The Biology of Protein Palmitoylation: Targeting Proteins to Membranes

For a protein to function correctly, it must be in the right place at the right time. While many proteins are targeted to organelles via signal sequences, others rely on lipid modifications to anchor them to cellular membranes. Among these, S-palmitoylation is unique due to its reversible nature.

The Chemistry of Palmitoylation

S-palmitoylation involves the covalent attachment of a 16-carbon saturated fatty acid (palmitate) to a cysteine residue via a thioester bond. This reaction is catalyzed by a family of enzymes known as DHHC-palmitoyltransferases (named after their conserved Asp-His-His-Cys motif).

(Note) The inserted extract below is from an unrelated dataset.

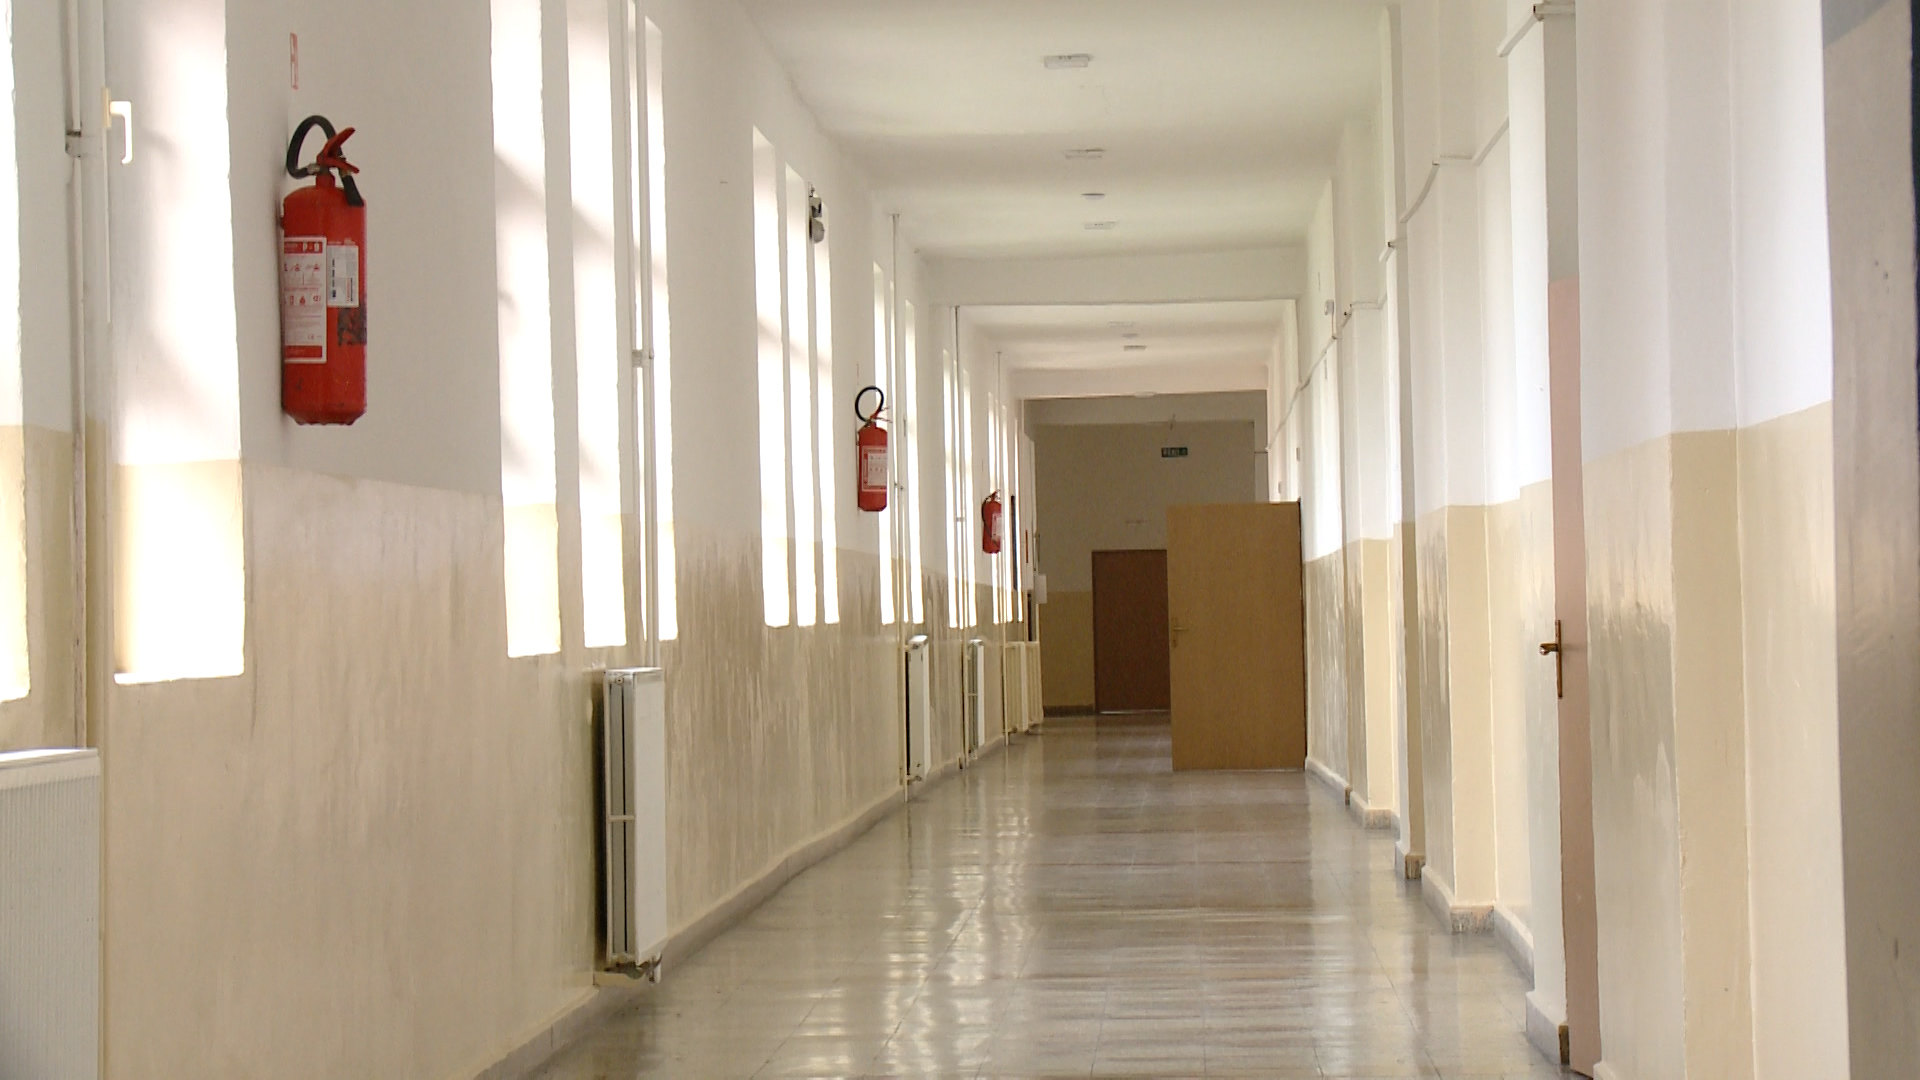 Dyshohet për armë të ftohta dhe narkotikë në një shkollë të mesme në Gjakovë
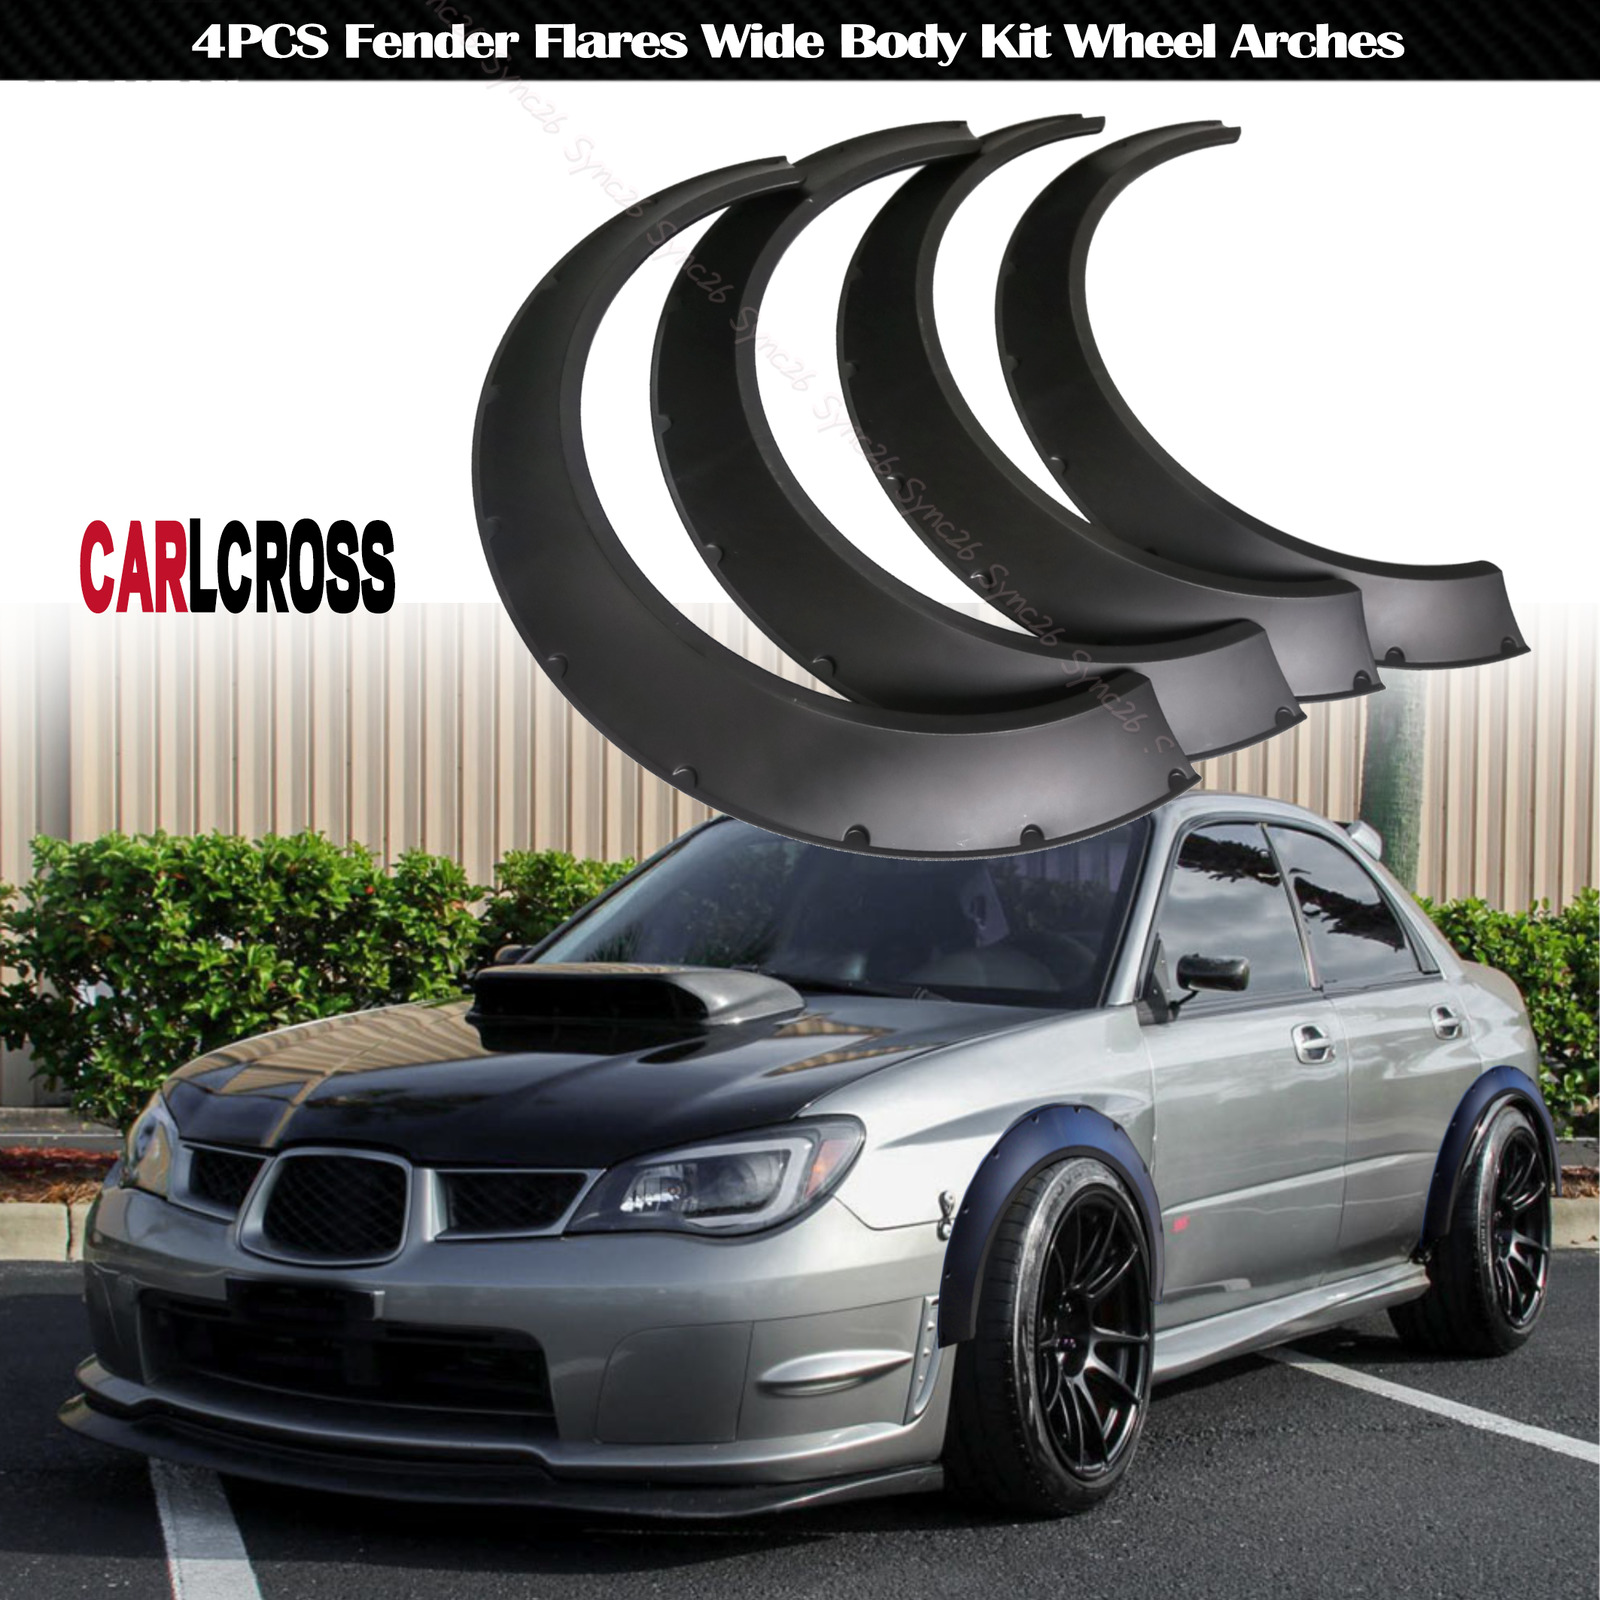 For Subaru Impreza WRX STI 4PCS Fender Flares Wide Body Kit Wheel Arches

Because the thioester bond is relatively unstable, it can be cleaved by acyl-protein thioesterases (APTs). This cycle of attachment and detachment allows the cell to dynamically regulate a protein's affinity for membranes.

Functions of Palmitoylation

1. Membrane Anchoring: The long hydrophobic chain of palmitate inserts into the lipid bilayer, providing a strong anchor for otherwise soluble proteins.
2. Protein Sorting: Palmitoylation often targets proteins to specific membrane microdomains, such as lipid rafts. These domains are enriched in cholesterol and sphingolipids and serve as platforms for concentrated cell signaling.
3. Protein Stability: By anchoring proteins to membranes, palmitoylation can protect them from cytosolic degradation machineries or facilitate their interaction with protective chaperones.

Palmitoylation in Neuronal Signaling

Palmitoylation is particularly prevalent in the nervous system. Many key neuronal proteins, including PSD-95 (a major scaffold protein at the synapse), are heavily palmitoylated.

The reversible nature of palmitoylation allows synapses to remodel their structure in response to activity. For example, when a neuron is stimulated, PSD-95 can be rapidly depalmitoylated, causing it to dissociate from the synaptic membrane and allowing for the reorganization of the postsynaptic density.

Health Implications

Defects in the palmitoylation machinery are linked to various diseases. Mutations in DHHC enzymes have been associated with intellectual disabilities and certain types of cancer. Furthermore, the palmitoylation of viral proteins is often essential for the assembly and budding of viruses, making this pathway a potential target for antiviral therapies.

Summary

Protein palmitoylation is more than just a membrane anchor; it is a dynamic regulatory switch. By controlling where proteins reside within the cell, palmitoylation coordinates complex signaling events and maintains the structural integrity of cellular compartments.